While working through the following steps, keep in mind the interpersonal communication concepts, skills, and insights you’ve learned so far, especially in this chapter. Also remember: there are no right answers, so think hard about the choice you make! (P.S. Need help? Review the concepts listed below.)

Step 1: Reflect on yourself. What are your thoughts and feelings in this situation? What attributions are you making about Taylor and Taylor’s family? Are your attributions accurate? Why or why not?

Step 2: Reflect on your partner. Using perspective-taking and empathic concern, put yourself in Taylor’s shoes. How is Taylor likely perceiving the dinner situation? How does Taylor feel about you and your relationship? Also consider Taylor’s family. What are their thoughts, feelings, and perceptions of the dinner? Of you and your relationship with Taylor?

Step 3: Identify the optimal outcome. Think about all the information you have about Taylor and about this relationship. Consider your own feelings as well as those of everyone else involved in the situation. Given all these factors, what’s the best, most constructive relationship outcome possible here? Be sure to consider not just what’s best for you, but what’s best for Taylor and your two families as well.

Step 4: Locate the roadblocks. Taking into consideration everyone’s thoughts and feelings and what has happened, what’s preventing you from achieving the optimal outcome you identified in step 3?

Step 5: Chart your course. What will you say to Taylor and Taylor’s family to overcome the roadblocks you’ve identified and achieve your optimal relationship outcome?

Skill

FOCUSING YOUR ATTENTION

This exercise helps you focus your attention during interpersonal encounters.

➊ Identify an important person to whom you find it difficult to listen.

➋ List factors—fatigue, time pressure—that impede your attention when you’re interacting with this person.
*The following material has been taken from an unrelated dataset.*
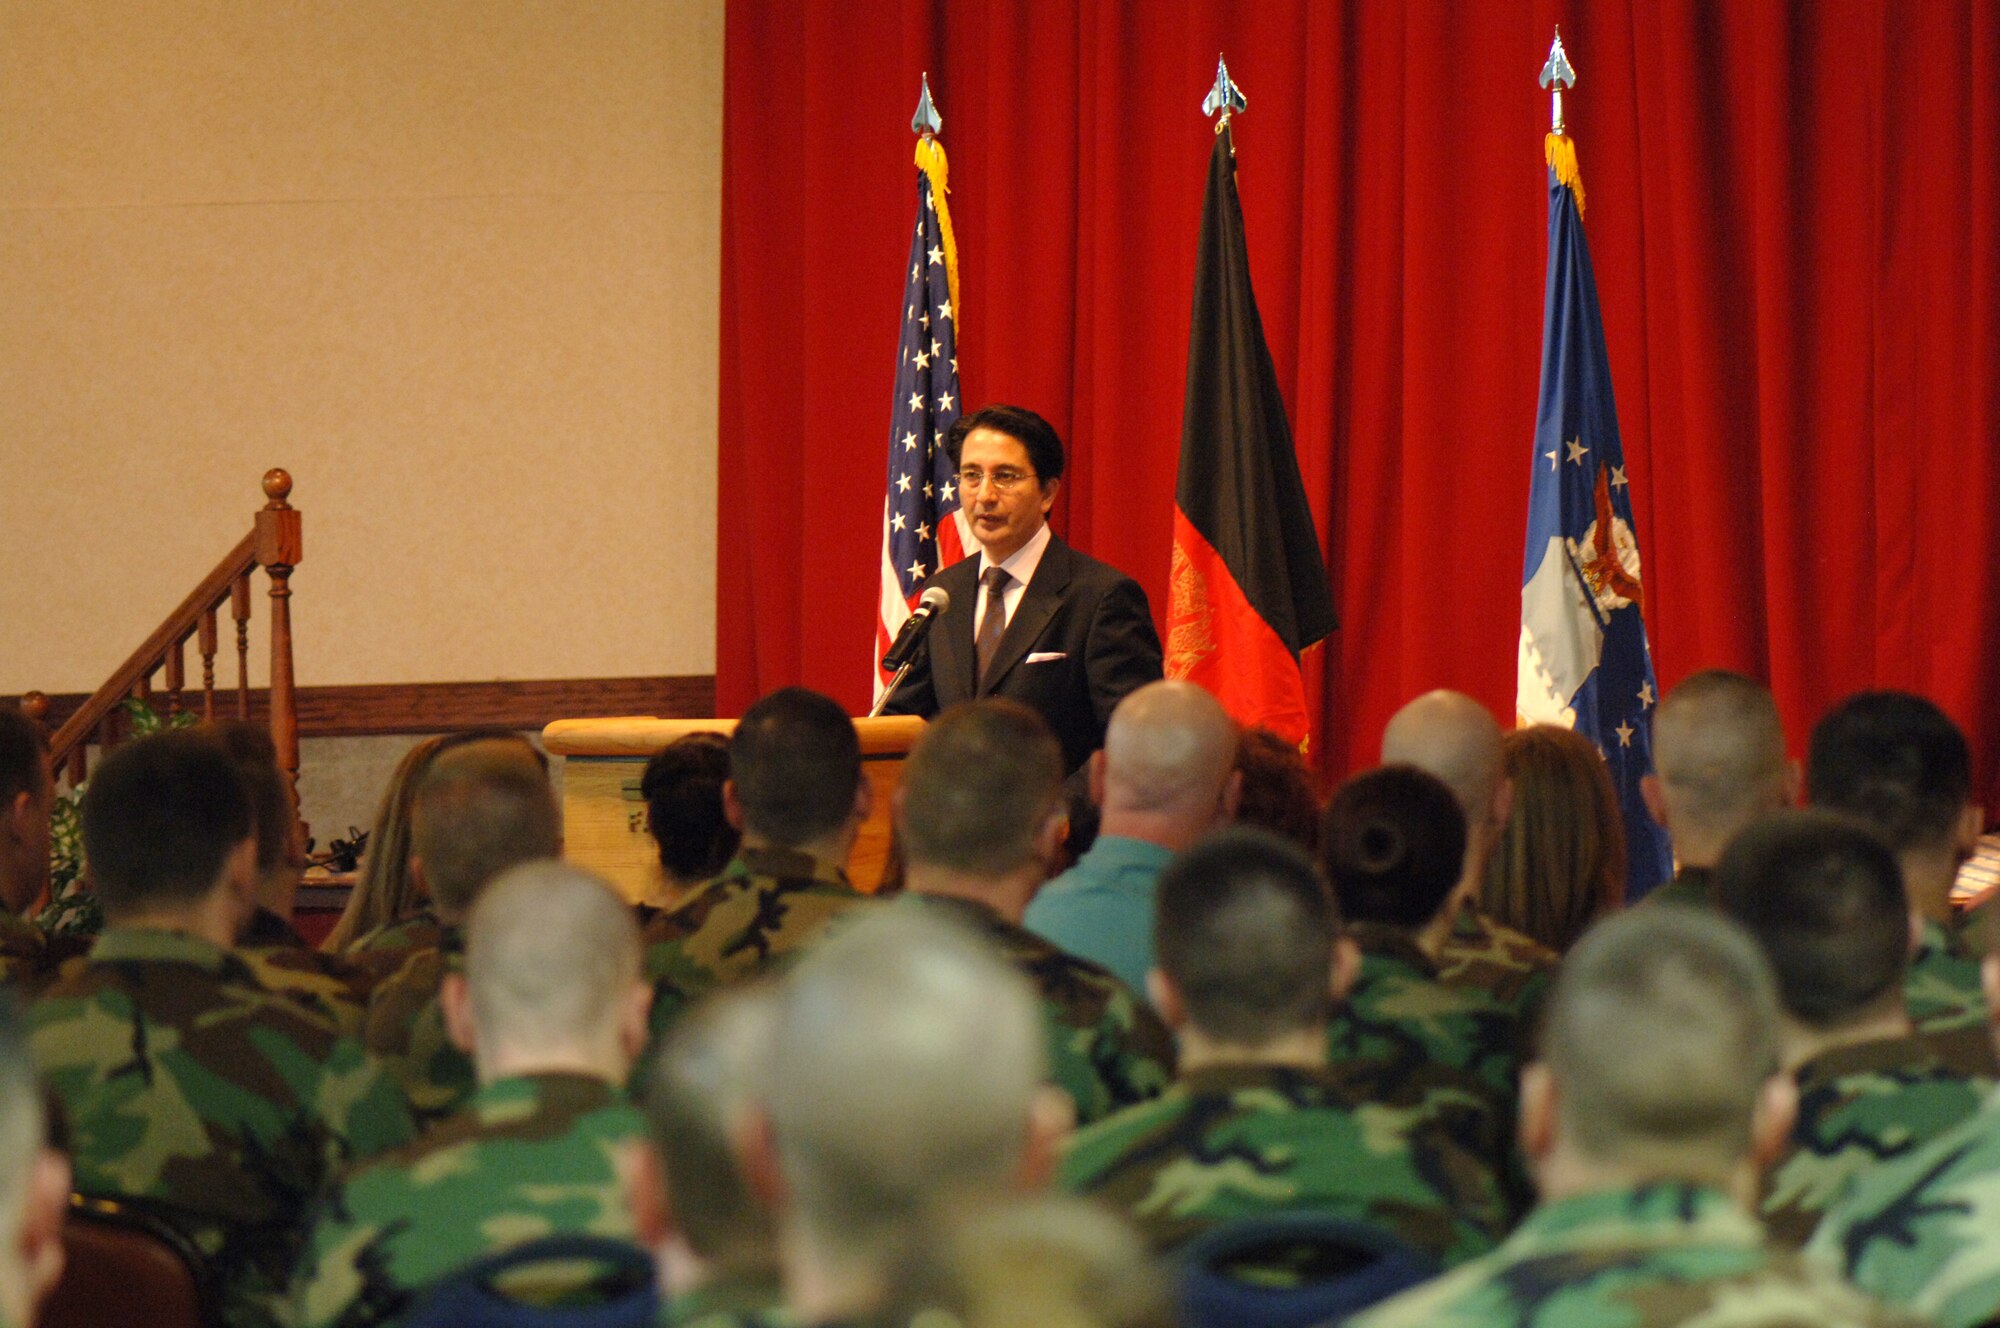 FAIRCHILD AIR FORCE BASE, Wash. -- Afghanistan’s ambassador to the United States, Said Jawad, spoke to Fairchild Airmen gathered at Club Fairchild March 1, thanking them for their service to his country. (U.S. Air Force Photo/Airman First Class Daniel Chapman)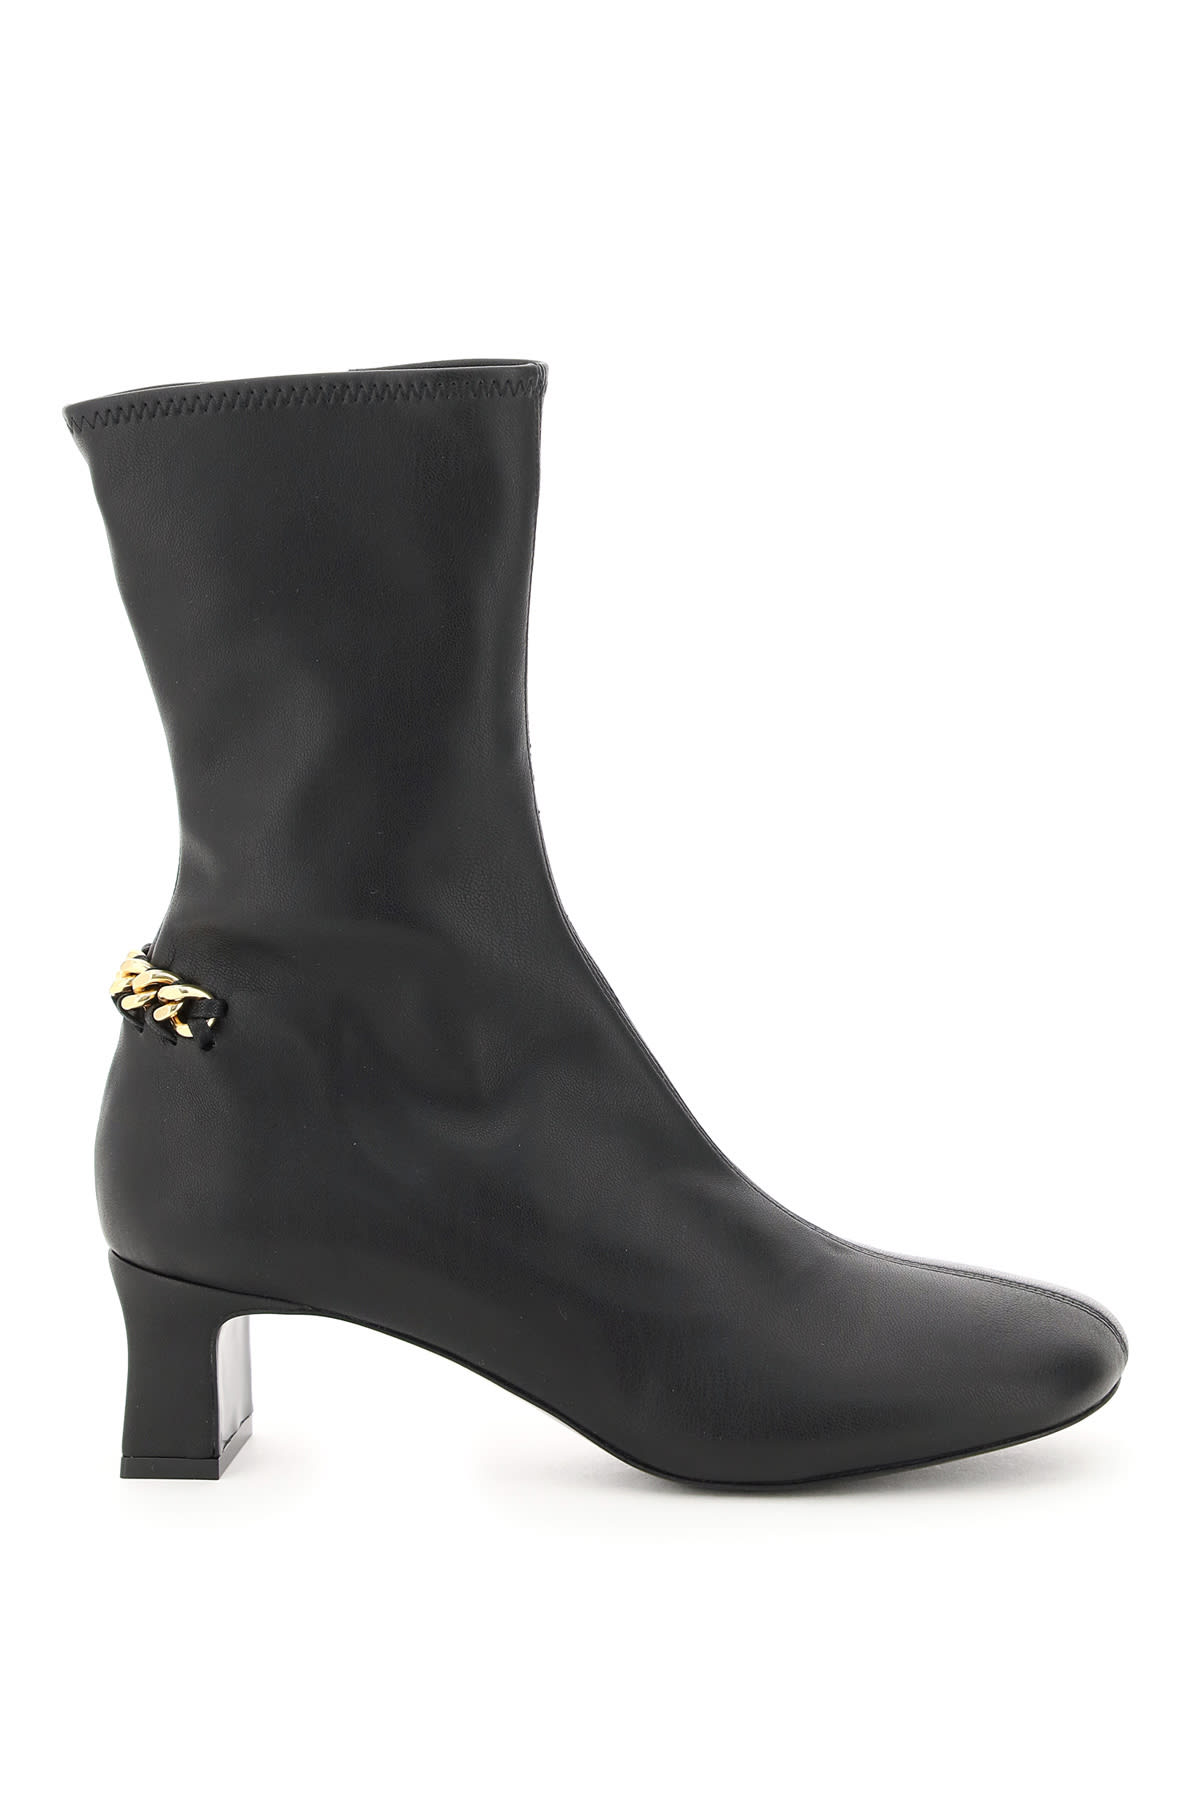 Stella McCartney Stretch Ankle Boots With Chain

➌ Before your next encounter with the individual, address factors you can control.

➍ During the encounter, increase the person’s salience by reminding yourself of his or her importance to you.

➎ As the encounter unfolds, practice mental bracketing to stay focused on your partner’s communication.

RESPONDING EFFECTIVELY IN ONLINE ENCOUNTERS

This exercise helps you to respond effectively during online encounters.

➊ Identify an online interaction that’s important.

➋ During the exchange, provide your conversational partner with immediate, positive feedback to his or her messages, sending short responses like “I agree!” and attaching positive emoticons ☺.

➌ Check your understanding by paraphrasing your partner’s longer messages (“My read on your last message is . . .”).

➍ Seek clarification regarding messages you don’t understand (“I’m having trouble understanding— would you mind explaining that a bit more?”).

COMMUNICATING EFFECTIVELY WITH PEOPLE FROM OTHER CULTURES

This exercise helps you communicate with people from other cultures.

➊ Identify an encounter in which your conversational partner is from a different culture.

➋ Use a people-oriented listening style. While the person is speaking, provide positive feedback.

➌ Let the person know you’ve been paying attention by paraphrasing or seeking clarification.

➍ Express interest in the speaker’s feelings, opinions, and concerns and emphasize points of commonality.

➎ Gauge reactions to your responses, assessing the effectiveness of this style.